Posterunek znajduje się w idealnym stanie, ponieważ jego niewielka załoga zwyczajnie stchórzyła, gdy w ich kierunku maszerowała wielka armia Wampirów i ich Nieumarłych, zaś sami krwiopijcy nie zawracali sobie głowy zajmowaniem tak niewielkiego i nic nieznaczącego miejsca. Dlatego łowcy niewolników pod wodzą Khizara uznali to miejsce za idealne, również ze względu na swoje położenie, na terenach Wampirów, ale zaledwie kilkanaście kilometrów od granicy z ziemiami ludzi z Cesarstwa Lorkhan. Dzięki temu łowcy mogą wyprawiać się po swój towar nie w odległe rejony świata, ale niemalże do sąsiada, więc łupy są nie tylko obfite, ale i podróż nie zajmuje wiele czasu.

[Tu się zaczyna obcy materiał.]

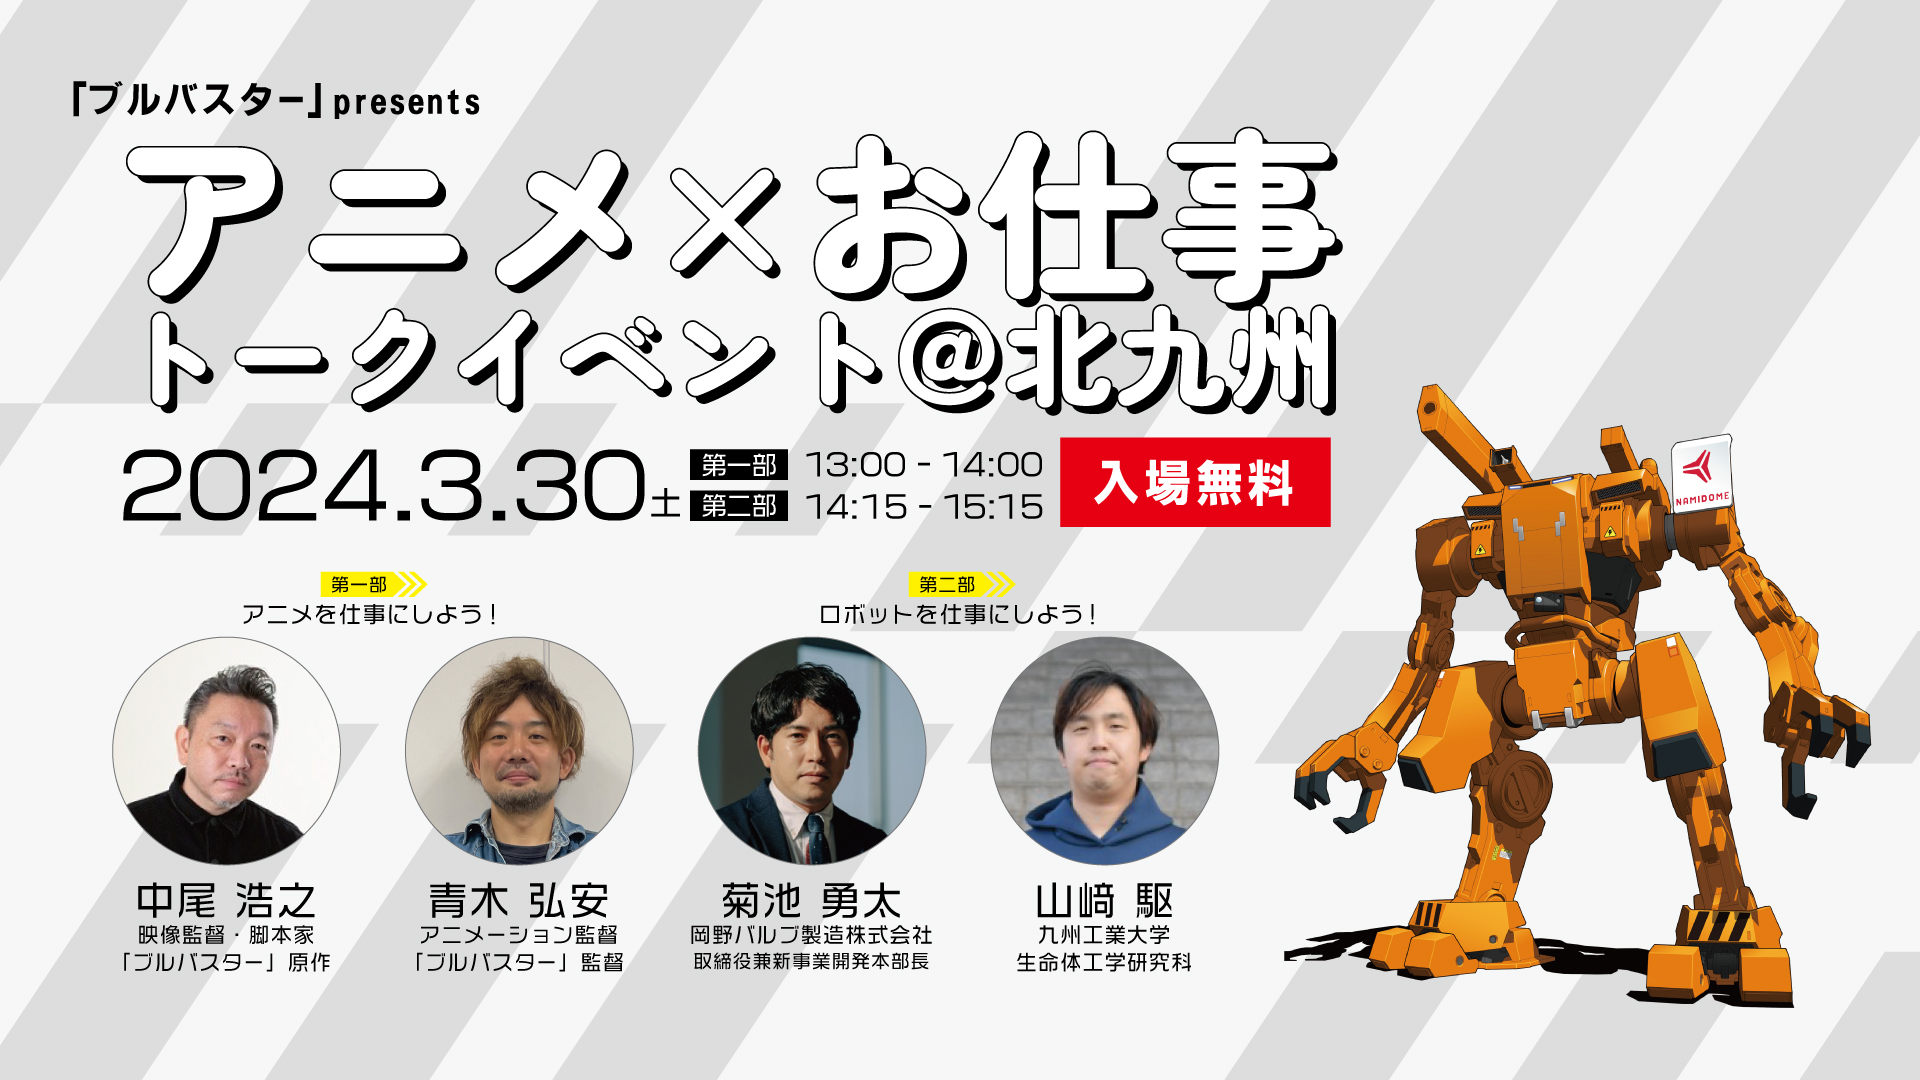 「ブルバスター」presents  アニメ × お仕事 トークイベントに中尾浩之が登壇。

Posterunek położony jest na niewielkim wzgórzu, które z wysokości około osiemdziesięciu metrów góruje nad okolicą, więc jest świetnym punktem obserwacyjnym, czemu sprzyja też fakt, że w promieniu pół kilometra wycięto wszelką roślinność, aby utrudnić ewentualnym napastnikom podejście pod mury posterunku niepostrzeżenie. Całość otacza palisada i kilka wież obserwacyjnych, z których również mogą strzelać łucznicy. W środku, w obrębie palisady i wież, znajduje się kilka budynków, między innymi dawne koszary, w których śpi i mieszka obecnie większość łowców niewolników, zbrojownia, stołówka, spichlerz, stajnia, plac do ćwiczeń i musztry oraz wysoka wieża z kamienia, ostatni bastion w razie wdarcia się wroga do środka, a jednocześnie najlepszy punkt obserwacyjny i kwatera herszta przestępczej bandy.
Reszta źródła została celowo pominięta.